自国の文化や先人の知恵に学び、それらを活かしながら生きていく。そんな社会で私は生きたいと思ったからです。生きることって簡単ではないと思うんですよ。でもどうせ大変なら自分がやりたいこと、理想とすることのために自らの人生の時間を使いたい。だからこそ頑張る意欲が湧いてくるんだと思います。

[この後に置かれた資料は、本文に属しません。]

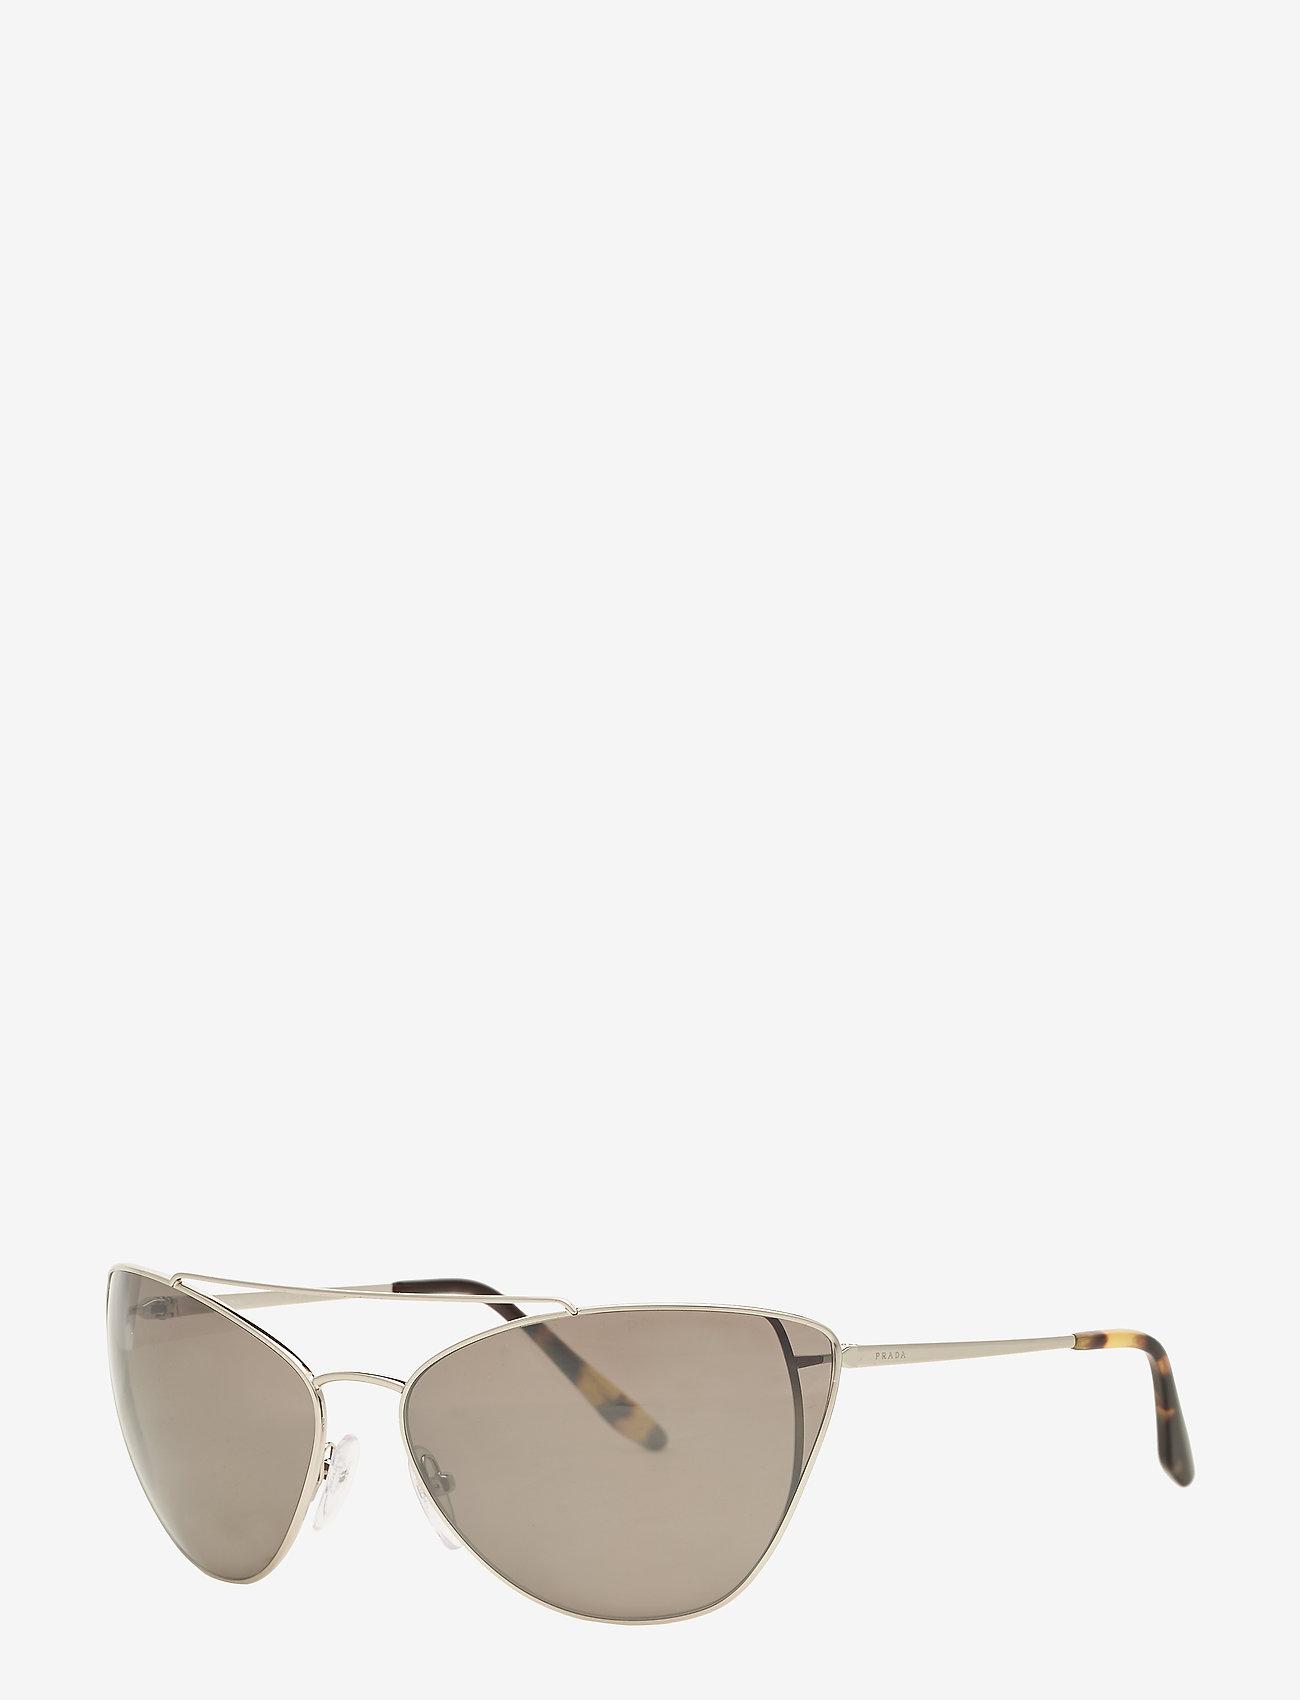 Prada Sunglasses - Prada Sunglasses - cat-eye - silver - 1

私はある意味では、365日24時間、「和える」のことを考えているのかもしれません。もちろんご飯を食べたり友達と会ったりはするんですけど、頭の片隅に「和える」のことがずっとあって、例えばレストランに行ったときのお皿と食材の盛り付け、美術館の作品、子どもと親のコミュニケーション、街中で目にする様々な光景が全て「和える」につながっているんです。仕事と人生を分けて考えていないんですよね。人生の中の一部に仕事がある。だから楽しいですよね。逆に言うと、人生から仕事をとってしまうと、少し物足りなくも感じてしまうかもしれませんね。それだけ、自分のために、誰かのために働くことって尊いことだと感じます。

私がここまで自分の夢に一直線につき進めるのは、周りの環境に恵まれたことが大きいとも思います。「里佳ちゃんならできるよ!」と、家族や友人が本気で信じ応援してくれる。そういう心から応援してくれて背中を押してくださる環境が、夢と現実を近づける手助けになるはずです。

さいごに
矢島さんが自分の夢に向かって真っすぐでいられる秘訣「失敗を失敗のままで終わらせない、成功するまで続ける」「川の流れに沿って生きる」といった素敵な考え方を学ぶことができました。言葉にすると当たり前なようにも聞こえますが、感情や周囲に流されずに実行することは決して簡単ではないと思います。常に心に留めておきたい言葉に出会えました。